February 2024 Monthly Review


The final day of February brought the latest update on US inflation or, to be more precise, the US Federal Reserve’s core personal consumer expenditures (PCE) prices index, which was released for the month of January.

Leap Month

The final day of February 2024, this year it’s the 29th, brought the latest update on US inflation or, to be more precise, the US Federal Reserve’s preferred measure of US inflation – the core personal consumer expenditures (PCE) prices index, which was released for the month of January.

This is the last piece of this data that the US central bank will get to see before it meets on March 19th and 20th to debate, amongst other things, interest rates.  No change in official rates is expected at that meeting and (over)optimism about the magnitude of rate cuts in 2024 has moderated from seven 0.25% reductions at the close of 2023 to a more plausible, three. Below is the latest PCE price data:

Source: Bloomberg

While the inflation and employment data released in February was either in line with or stronger than estimates, forward looking data on both those key inputs should give some comfort to the US Federal Reserve.  In recent years, especially in winter months, the price of natural gas has been a key metric of concern.  Its recent fall has been somewhat overlooked. The following chart from Schroders, illustrates the price decline:

Source: Schroders

The following charts show that both temporary and permanent job hiring is on a downward path:

Source: BCA Research

The Federal Reserve will also be keeping a close eye on the size of the rapidly expanding US Government debt, leaving it as the sole lever to offset any economic ills as well as the level of consumer debt and drop in savings rate plus the level of commercial real estate exposure at regional banks.

Green Shoots in the UK?

Better prospects ahead in the UK potentially according to the following chart:

Source: Bloomberg

China – The Year of the Dragon or Phoenix?

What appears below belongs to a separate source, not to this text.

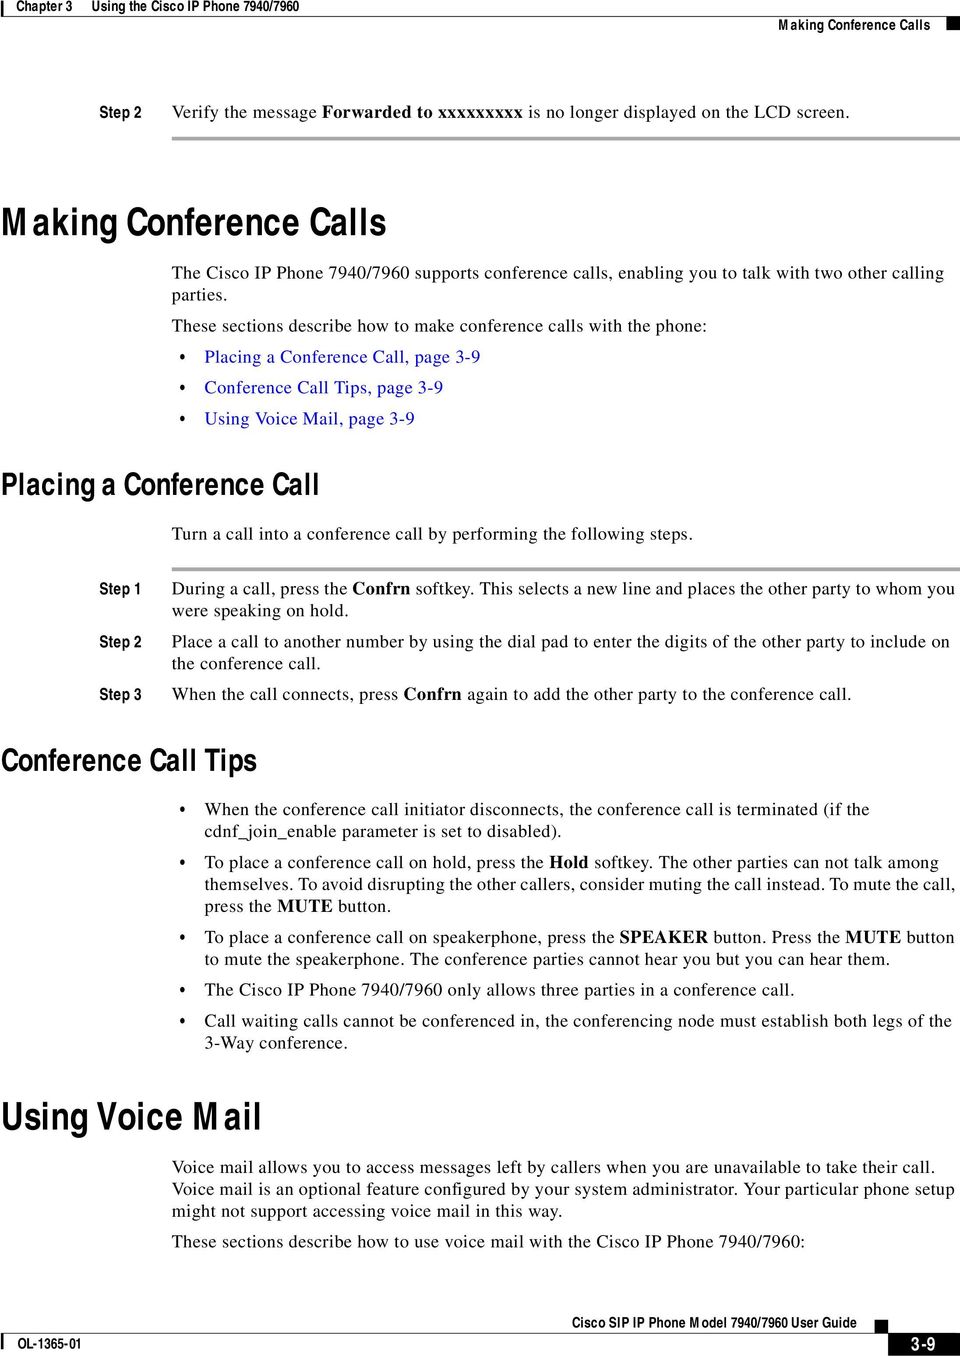 These sections describe how to make conference calls with the phone: Placing a Conference Call, page 3-9 Conference Call Tips, page 3-9 Using Voice Mail, page 3-9 Placing a Conference Call Turn a

We are now in the Chinese year of the Dragon while Chinese authorities are belatedly attempting to kickstart the economy.  February saw another weak manufacturing purchasing managers index reading of 49.1, a fifth straight decline. The property market overhang needs a radical solution.



Equity Regions


Despite no let-up in geopolitical concerns, conflicting economic signs in the world’s largest economy and ongoing disappointments from the second largest, equity markets have been buoyed by earnings from some of the increasingly dominant (in a stock market sense too) companies.

Nvidia’s earnings announcement on the 21st of February focussed investors’ attention and the chip manufacturer didn’t disappoint them or markets.  Although much of the hype came from the accompanying bullish outlook from CEO, Jensen Huang.

Away from the US equity market, Japanese stocks continued their impressive run on the back of a corporate governance reform that has been long in the making and reaping rewards through upward momentum in share prices.  The Nikkei 225 index finally exceeded its 1989 high in February.

Elsewhere in Asia, after a torrid time, Chinese stocks bounced on optimism of a turnaround in Chinese officials’ approach to their lacklustre economy.  This rebound helped the region’s equity markets.

Europe’s disappointing economic performance with Germany at the fore did little to hamper a decent month for European equities.  It should be noted that like the US, there are a number of leading global companies providing strong returns such as France’s Schneider Electric and Denmark’s Novo Nordisk, up 14.8% and 9.8% respectively in February.

Equity Themes


Perhaps unsurprisingly, artificial intelligence led the way followed by healthcare. Also delivering a strong month were climate change, insurance and materials.  While insurance may seem an odd theme, the ability to annually re-price your market is a beneficial quality and the rise of bespoke insurance solutions adds to the price-making ability in a marketplace with fewer reinsurers.  Beazley, held in our UK Responsibly Invested Equity Fund, is a good example and was up 19.7% in February.



The optimism pervading developed equity markets didn’t crossover in to debt markets.  The decline in rate cut expectations in the US, UK and Europe led to a sell-off in government bond markets as yields rose.  The positive carry from high-yield credit markets helped to offset some of the negative performance from government debt.



Industrial metals were a mixed bag with copper down 1.0% on the month.  Nickel bounced continuing its volatile recent history.  Agricultural commodities were weak overall.

Real and Digital Assets


Gold had a positive month seemingly supported by central bank purchases and ongoing demand as an alternative currency.  Bitcoin continued its surge which started in earnest after it became available in exchange traded fund form on January 11th, giving would-be holders greater confidence.